With more than 30 years of experience with UWPD under his belt, interim University of Wisconsin Police Chief Brian Bridges knows the value of community engagement.
Bridges, who was appointed interim UWPD chief after UWPD Chief Susan Riseling announced her retirement this summer, said he looks to carry on Riseling’s 25-year legacy.
While in his position as temporary chief, Bridges said he will continue to work with UW and Madison communities, as he did during his time as a UWPD officer.
“What I get a reward out of is seeing how interactions with communities go and looking at things we can do for communities that are outside what we do,” Bridges said.
But Bridges said he believes interacting with communities is more than just protecting people in times of danger. He said it is important to educate communities about the impact they can have on each other.
Bridges said everyone needs to understand how their own personal beliefs and biases affect their perspectives and treatment of others. This need for understanding applies not only to the public, but to police officers as well, Bridges said.
“We need to understand our implicit biases and make sure they don’t cross the lines of treating someone differently because of the bias,” Bridges said.
Bridges said UWPD officers are being trained to reduce their personal biases toward each other and the community. Being part of UWPD demands that officers adapt to all kinds of situations and evolve their responses to change over time, he said.
UWPD also looks to keep communication with the Madison Police Department consistent, Bridges said. He said MPD and UWPD already have a good working relationship, which he aims to keep alive during his time as chief.
Bridges joined UWPD in 1984 and went on to become a captain and assistant chief.
His son Ryan Bridges, who was born while Bridges worked for UWPD, is now an officer himself. Though he does not meet his son at work often, Bridges said watching his son grow and learn as an officer is a fulfilling experience.
Bridges said “everything” about the UW community makes him proud to be a part of it. From students, faculty and staff to research and athletics, he looks forward to being more involved in keeping badgers safe. He advised incoming freshmen and other new students to use their time at UW to learn about and appreciate the differences in their environments instead of criticizing them.
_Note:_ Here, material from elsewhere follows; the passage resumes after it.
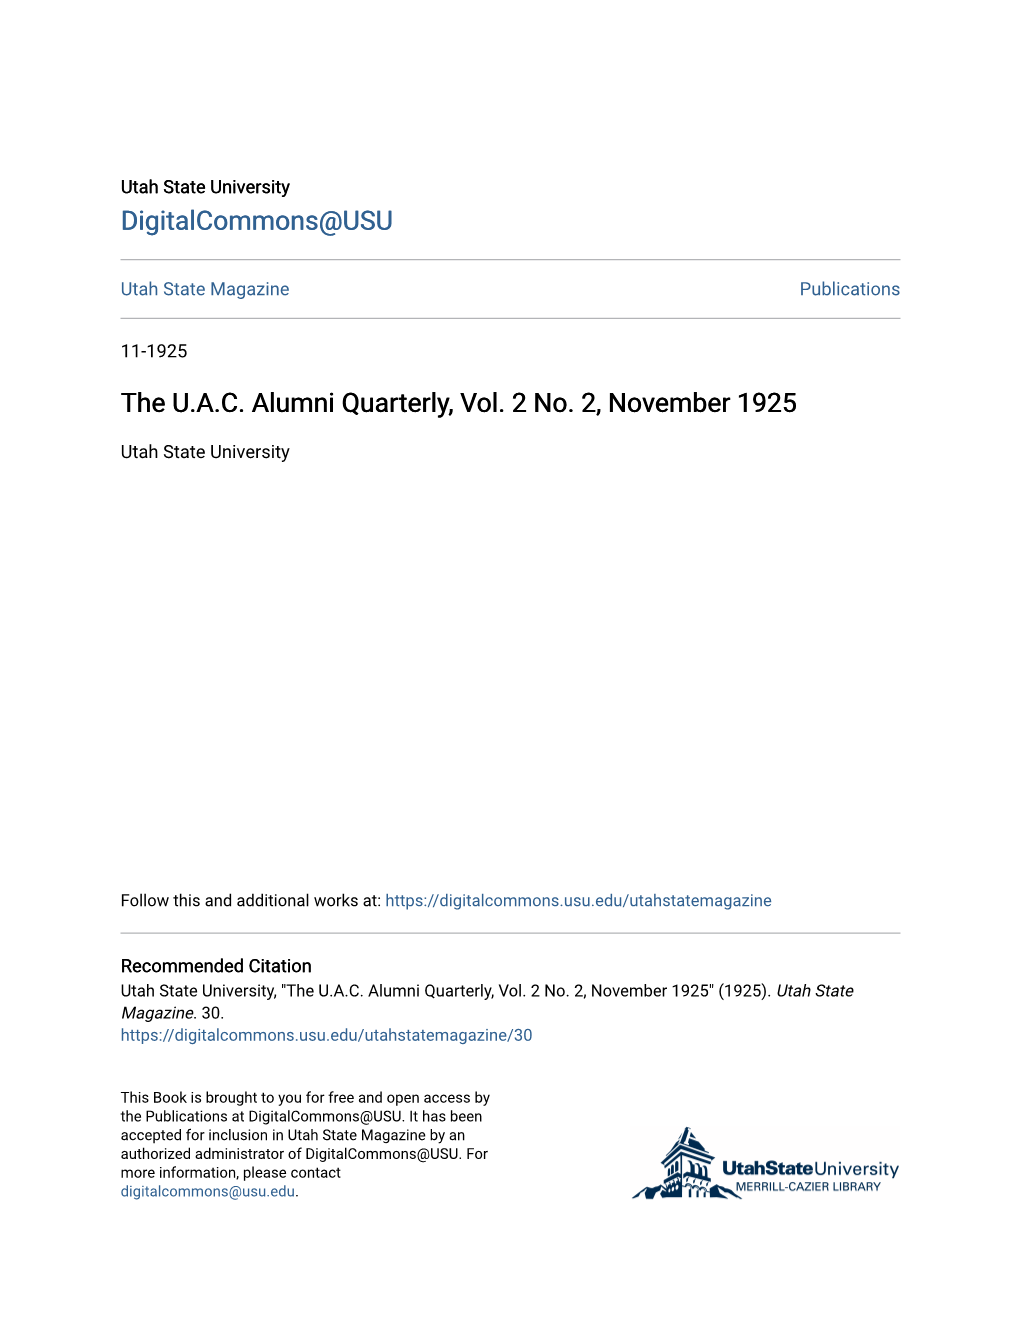 The U.A.C. Alumni Quarterly, Vol. 2 No. 2, November 1925

“We’re happy students are here and hope you have a safe, productive academic year,” Bridges said. “We hope that you will learn what’s different about this place from where you came from.”
Currently, a nationwide search is being conducted to find a new chief, Bridges said. He said he wants to play a more advisory role and help other officers instead of being the chief. While Bridges plans to uphold the vision of UWPD during his time as interim chief, he said he might even retire after serving.
The new UWPD chief will be appointed around December 2016.